* Problem description
As you reproduce every line below, keep it exactly as written and leave out the images.

* Dataset extract
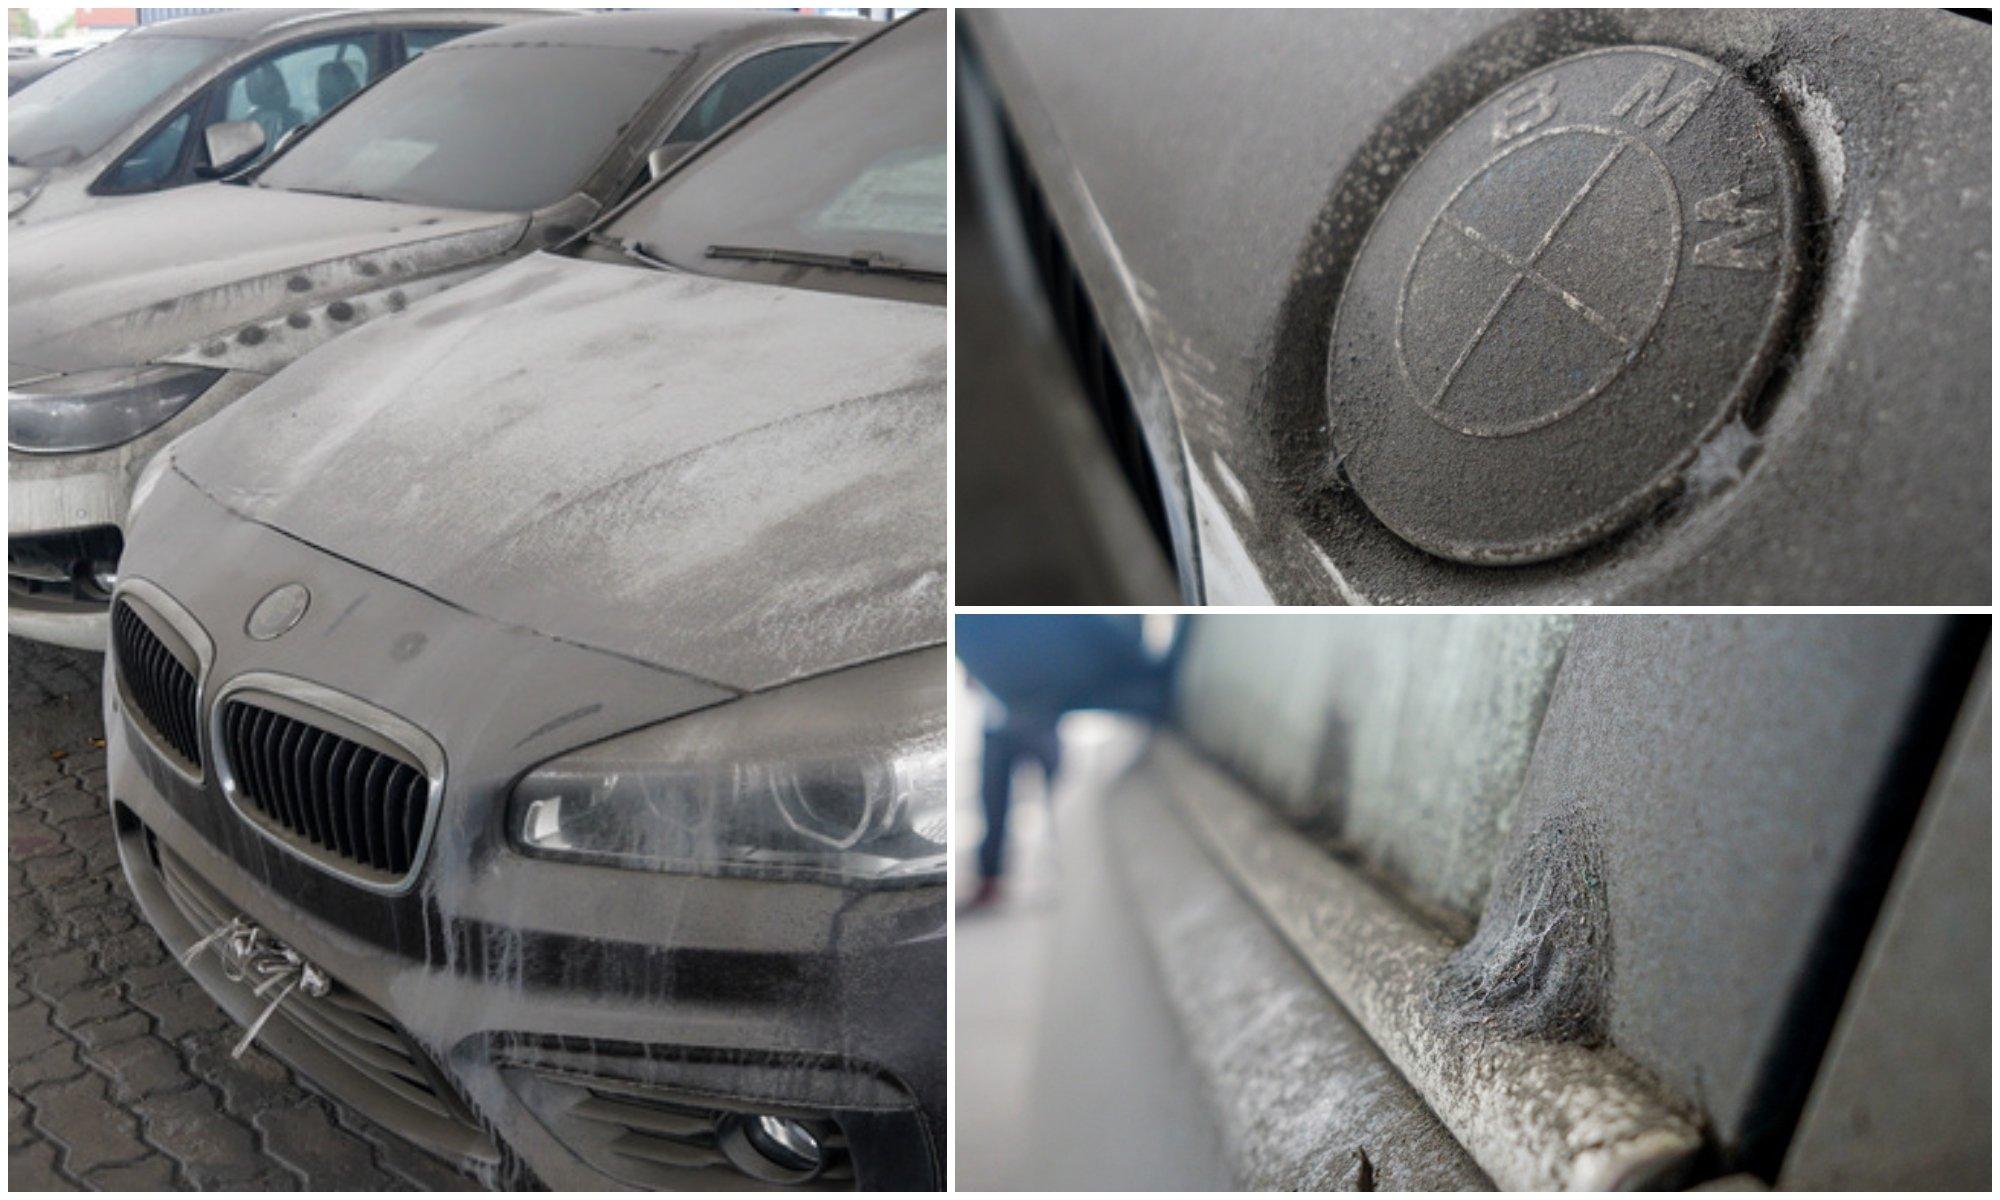 Sau 2 năm phơi nắng ngoài cảng, dàn xe BMW hơn 3 triệu USD trong vụ buôn lậu bị xuống cấp 2
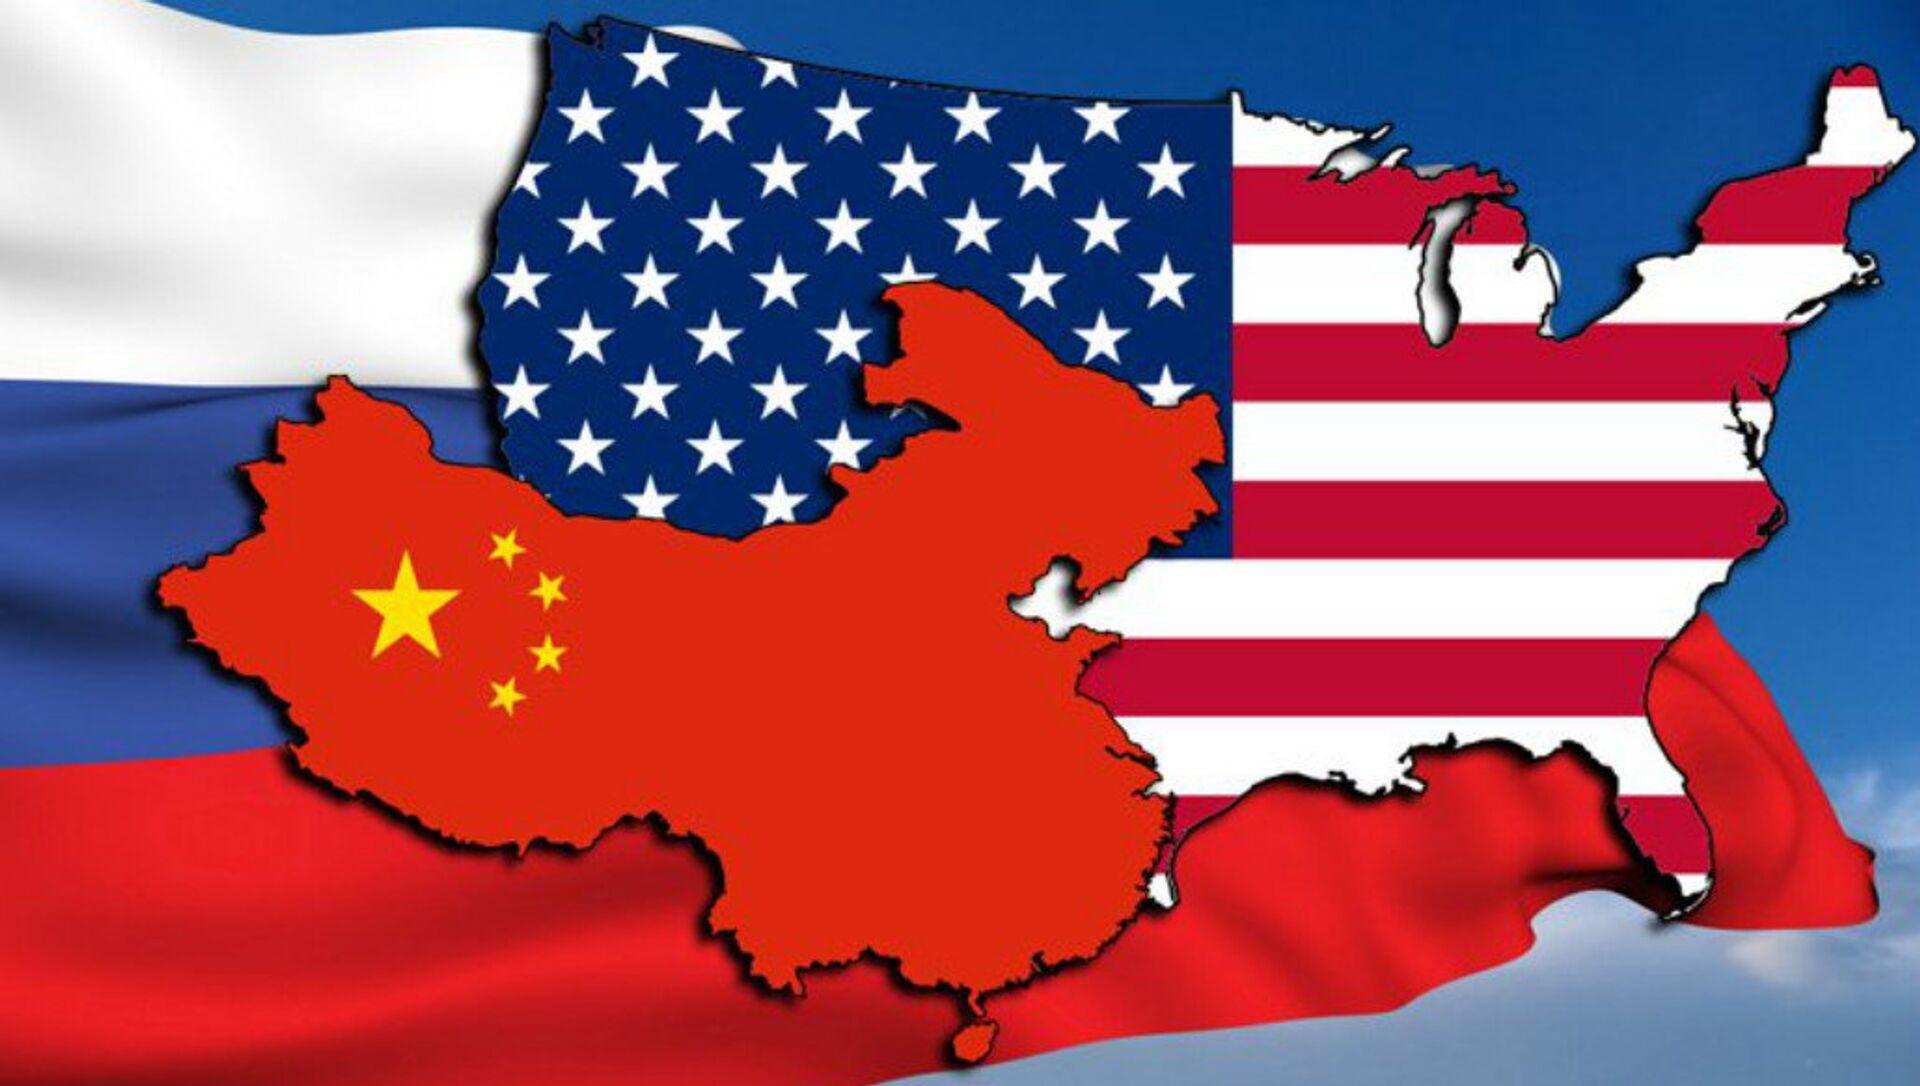 Заставе САД Кине и Русије - Sputnik Србија, 1920, 21.02.2021
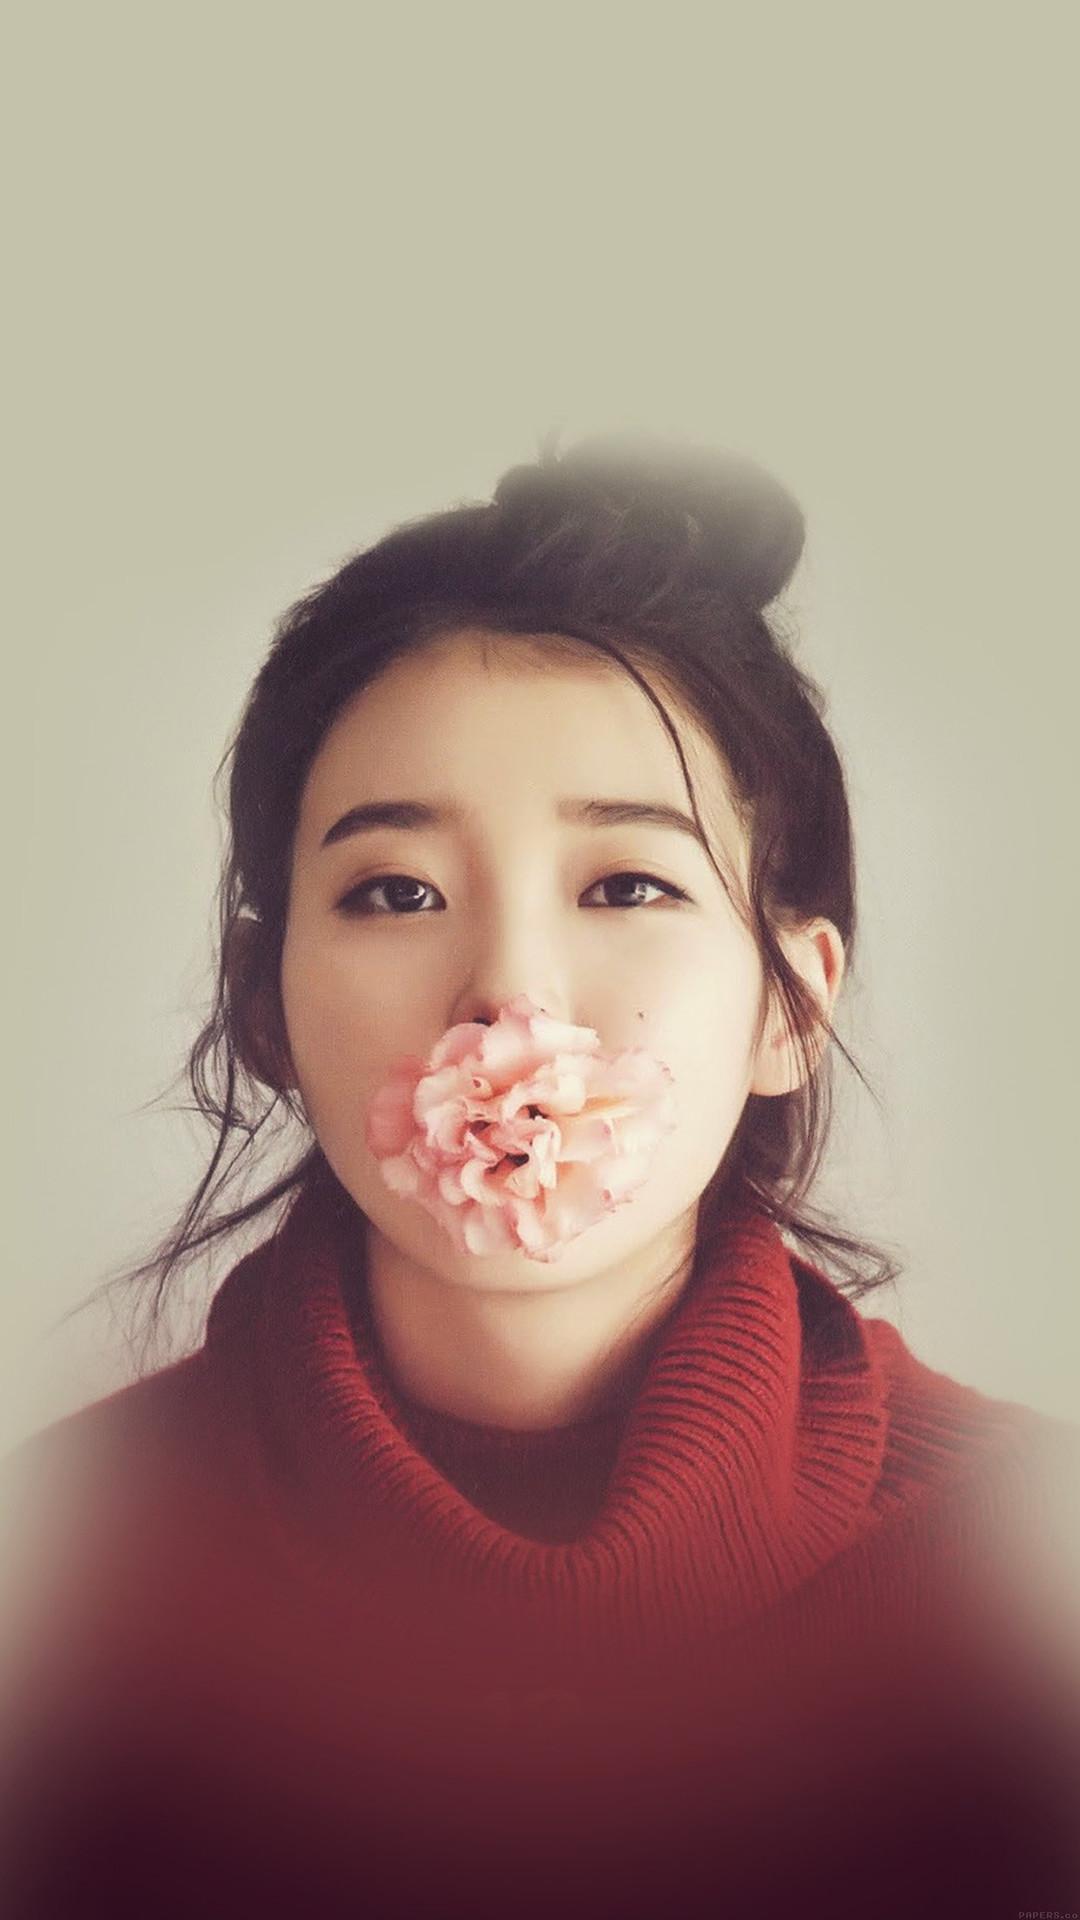 Cute Korean Wallpaper Wallpapertag

* Exercise result
 Sau 2 năm phơi nắng ngoài cảng, dàn xe BMW hơn 3 triệu USD trong vụ buôn lậu bị xuống cấp 2
 Заставе САД Кине и Русије - Sputnik Србија, 1920, 21.02.2021
 Cute Korean Wallpaper Wallpapertag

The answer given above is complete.